As-Salamu ‘Alaykum dear sister,
Thank you for writing to us. I empathize with your worry and concerns as well as what appears to be episodes of major depression although I cannot diagnose you. Sister, when you were first depressed 8 years ago, did you see a therapist? If so, is it possible to return to therapy? If you did not, can you recall how you overcame the depression the first time?
I would like to ask you to reflect on a lot of things, dear sister. First, you are 35, educated, and in the prime of your life. Actually, you are in a better position to know what qualities you are seeking in a spouse which, in turn, has better success rates for a lasting, happy marriage.
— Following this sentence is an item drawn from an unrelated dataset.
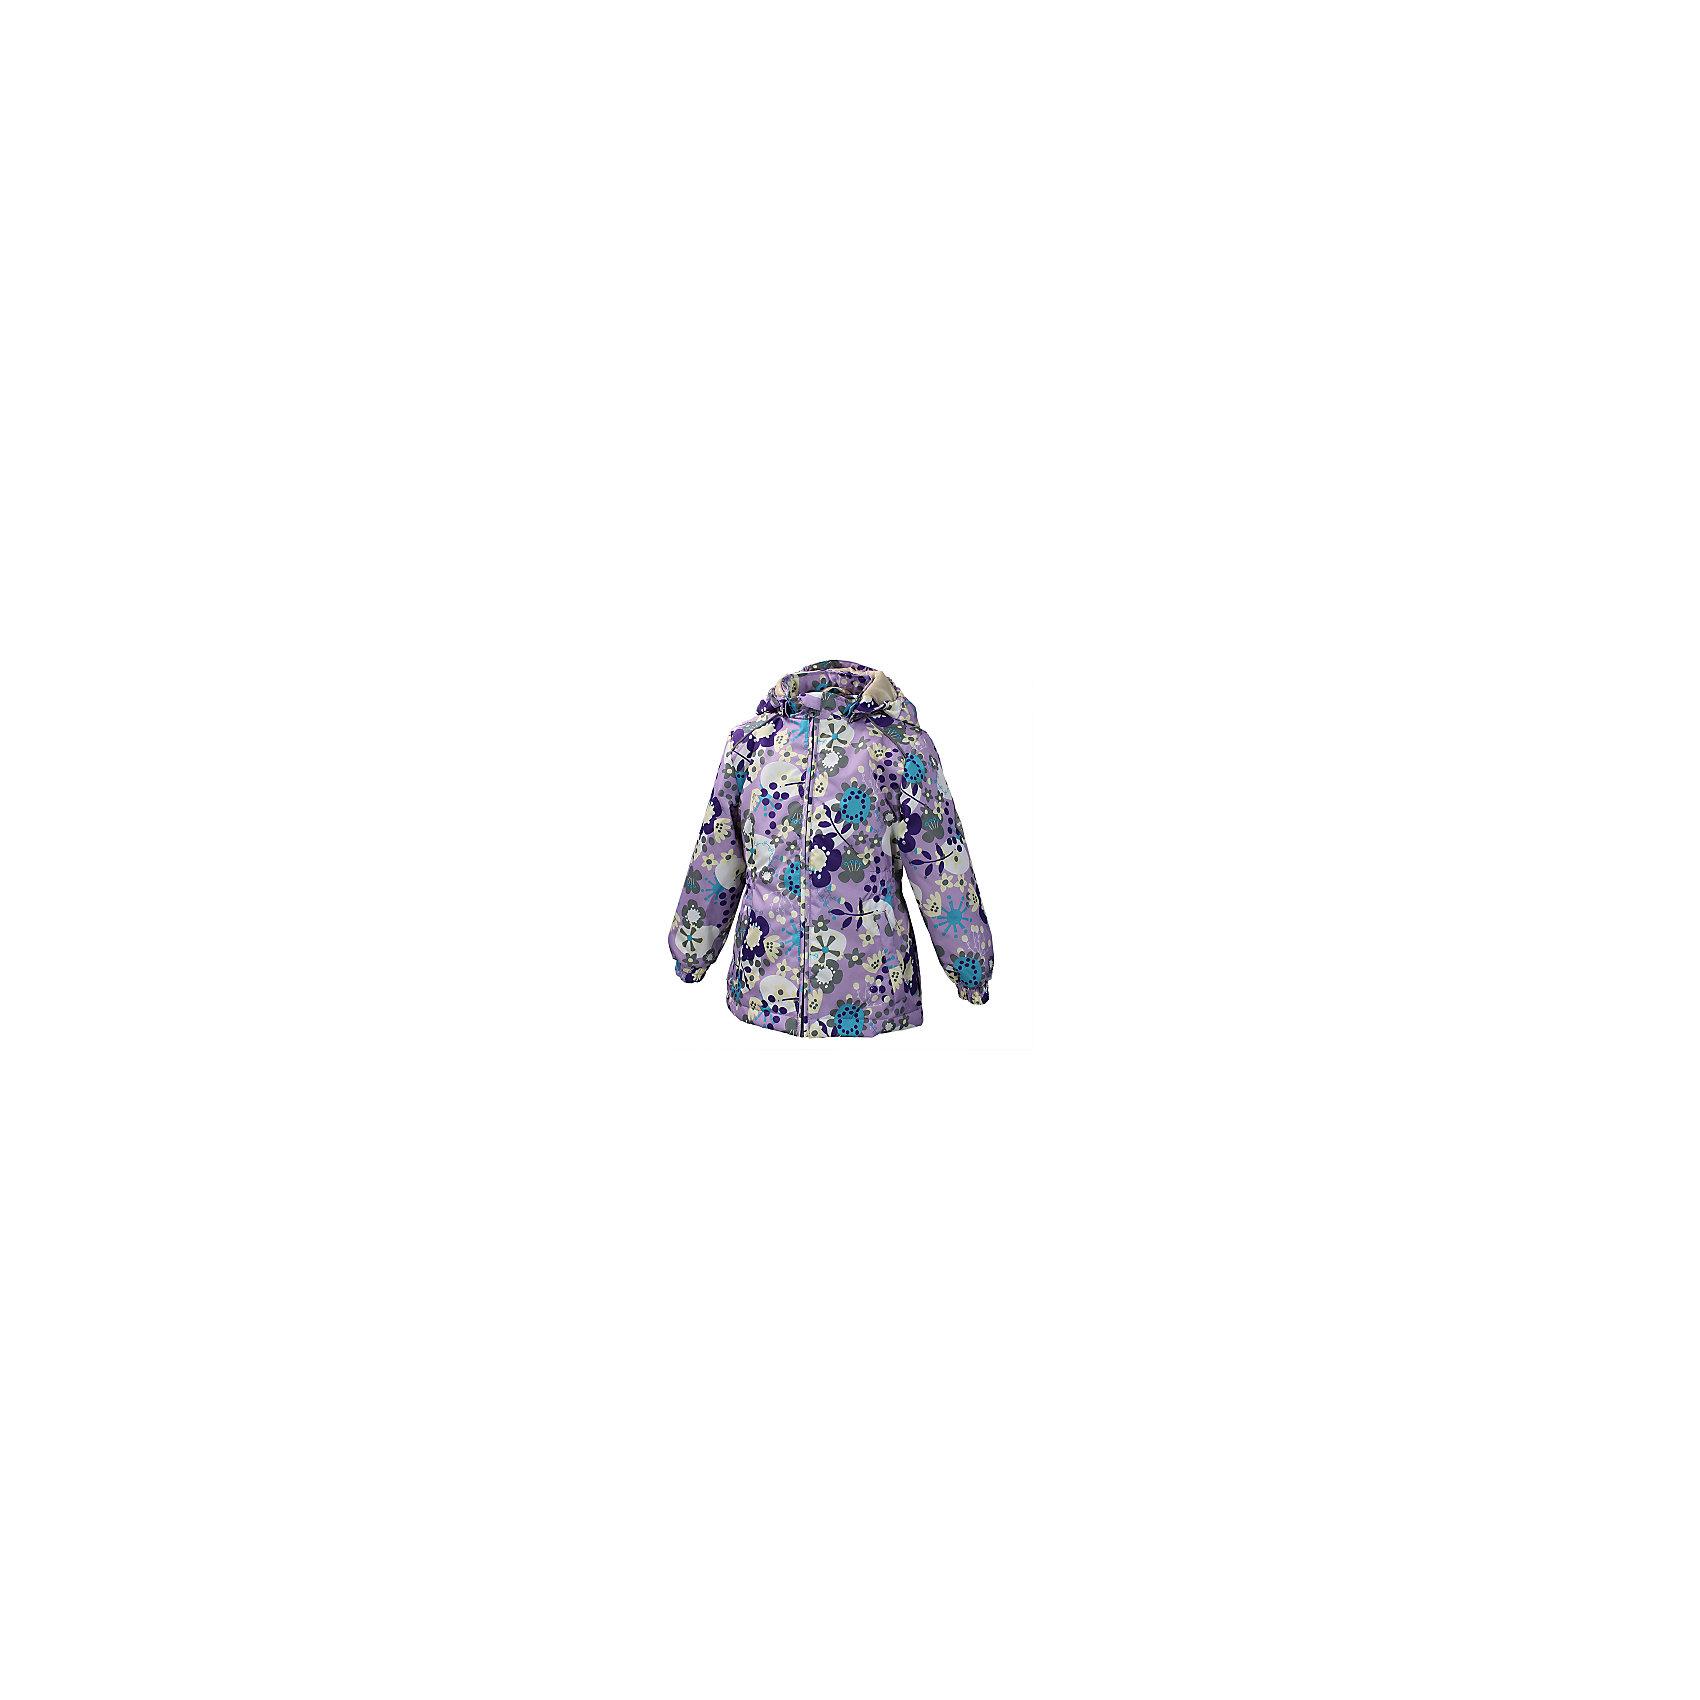 Куртка для девочки HuppaHuppaTherm 40 грамм<br>Высокотехнологичный лёгкий синтетический утеплитель нового поколения, сохраняет объём и высокую теплоизоляцию изделия, а также легко стирается и быстро сохнет.<br><br>Влагоустойчивая и дышащая ткань 10 000/ 10 000<br>Мембрана препятствует прохождению воды и ветра сквозь ткань внутрь изделия, позволяя испаряться выделяемой телом, образовывающейся внутри влаге.<br><br>Прочная ткань<br>Сплетения волокон в тканях выполнены по специальной технологии, которая придаёт ткани прочность и предохранят от истирания.<br><br>Светоотражательные детали<br>При плохих погодных условиях или в темноте, когда свет падает на одежду, он отражается, делая ребёнка более заметным, уменьшая возможность несчастных случаев.<br><br>Дополнительная информация:<br><br>Температурный режим: от 0 до +10 С<br>Куртка для девочек<br>Ткань: 100% полиэстер<br>Подкладка: тафта - 100% полиэстер<br>Утеплитель: 100% полиэстер 40г.<br><br>Куртку для девочки Huppa можно купить в нашем магазине.<br><br>Ширина мм: 356<br>Глубина мм: 10<br>Высота мм: 245<br>Вес г: 519<br>Цвет: розовый<br>Возраст от месяцев: 36<br>Возраст до месяцев: 48<br>Пол: Женский<br>Возраст: Детский<br>Размер: 104,122,128,92,98,134,110,116<br>SKU: 4595338

Too often we marry because our parents arrange it, or we think we are “in love”, or we are just graduating from school and feel it is the thing to do. However, Allah in His great mercy often protects us from things; He keeps things from us which would hurt us. Perhaps sister, that is why your first proposal did not work out; he was simply not meant for you. Perhaps Allah intervened to save you from something that could hurt you. Only Allah knows; however, we must trust in Him.
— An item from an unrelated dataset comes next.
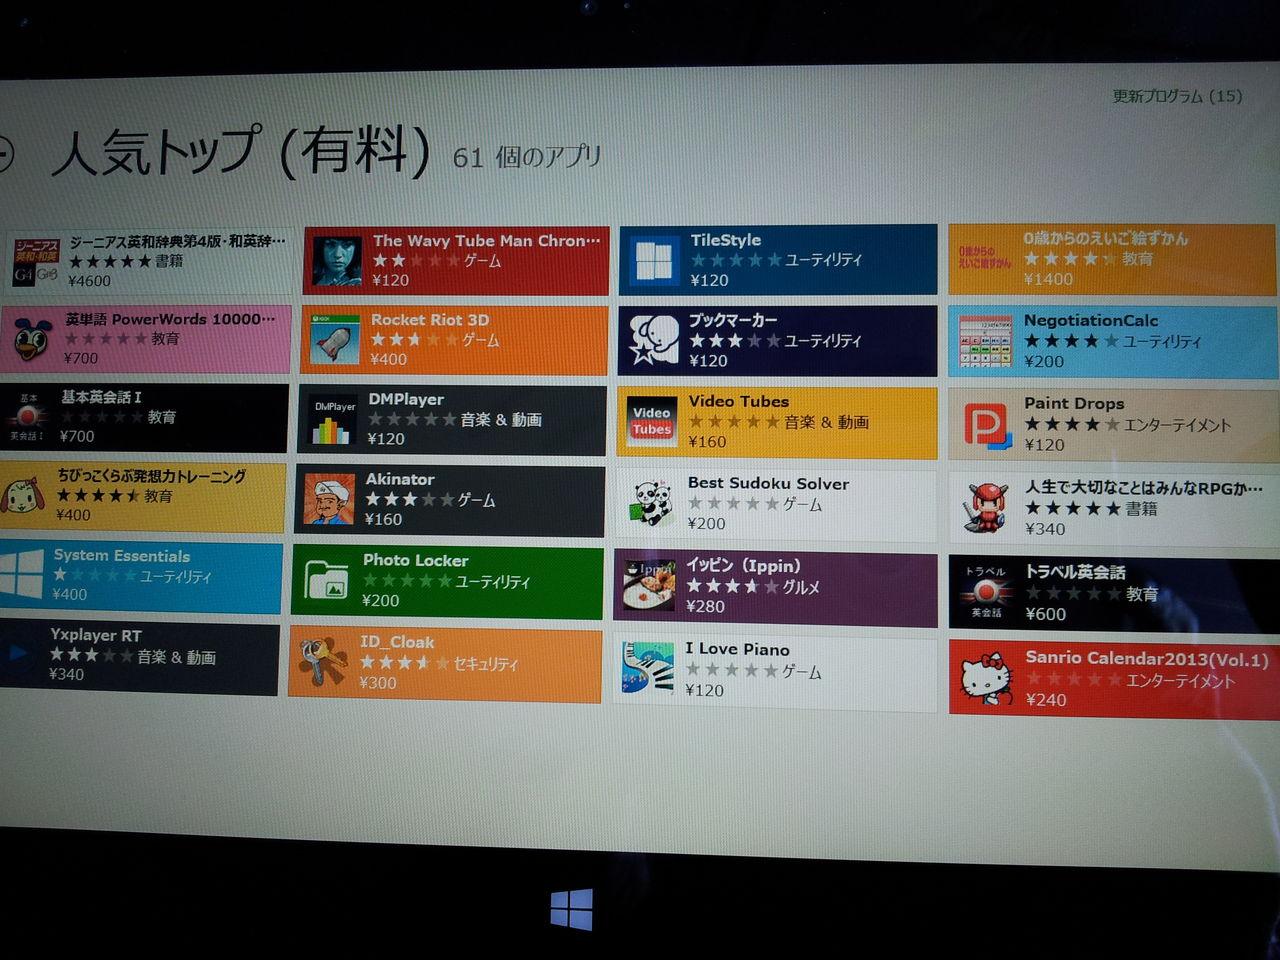 d5d20419.jpg - 只今Windows8アプリ TOPにランキング入りしています

You have had proposals sister, but you have turned them down and possibly with good reasons. Choosing a spouse is not an easy process. I would kindly suggest that you, first of all, stop dwelling in the past – it is over. Please do not compare future potential spouses with your past. It is not fair to yourself or any young man who may pursue you. Leave the past in the past and look towards a positive, happy future. Yes, I know very well that in a state of depression it is easier said than done. However, I want you to try.
I suggest that you keep a daily journal of your feelings. Write a list of your positive qualities, your accomplishments as well as what your dreams and goals are. Make a list of what worries you about your parents and future. By doing this, it not only helps us organize our thoughts, but it gives meaning and insight into what we are feeling. I would also kindly suggest you organize your thoughts around what you actually seek in a partner. Make a list of the qualities you seek in a future husband. Review these lists daily and add to them as needed.
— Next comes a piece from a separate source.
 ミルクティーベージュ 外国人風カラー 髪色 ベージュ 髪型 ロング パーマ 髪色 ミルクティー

Fear of death occurs at certain life stages. Often, it occurs when one is a young adult in their early to mid 20’s. This is a time when many changes occur, and the once “child” is now an adult, experiencing many life changes such as starting a job or a new school, being self-sufficient, losing touch with old friends, trying to make new friends, etc.). It is something of either a feeling of crisis or a nagging constant fear of the future and what it holds.
Some research has shown that the fear of death is rooted in uncertainty about living a fulfilling life. When the fear of death is coupled with depression, it is most likely related to anxiety as well. Although you did not mention your symptoms, you may very well suffer from anxiety with depression as a secondary manifestation. That is why it is very important to seek counseling. I encourage you dear sister to see a therapist in your area who can evaluate and diagnose your specific condition. You are not alone. In the USA, for example, 15.7 million adults suffered from major depression in 2014 alone.
I know that you feel hopeless right now about pretty much everything in your life. However, I do encourage you to seek guidance from Allah in prayer, to read Qur’an, and to make du’aa’ that He guides you and grants ease. I also suggest that you find support groups to join which deal with depression and anxiety. A therapist can be a good referral source, or s/he can look through your local mental heath agencies.
In addition, having quality social time with others acts as a good support and encourages our social, Islamic, and personal growth. I have confidence in you sister that you will heal and find happiness. You just have to take the first step, stick with your plan, and be determined to live a happy, full life, and not just merely exist in the past. Many wonderful things await you!
You are in our prayers dear sister. Please let us know how you are doing.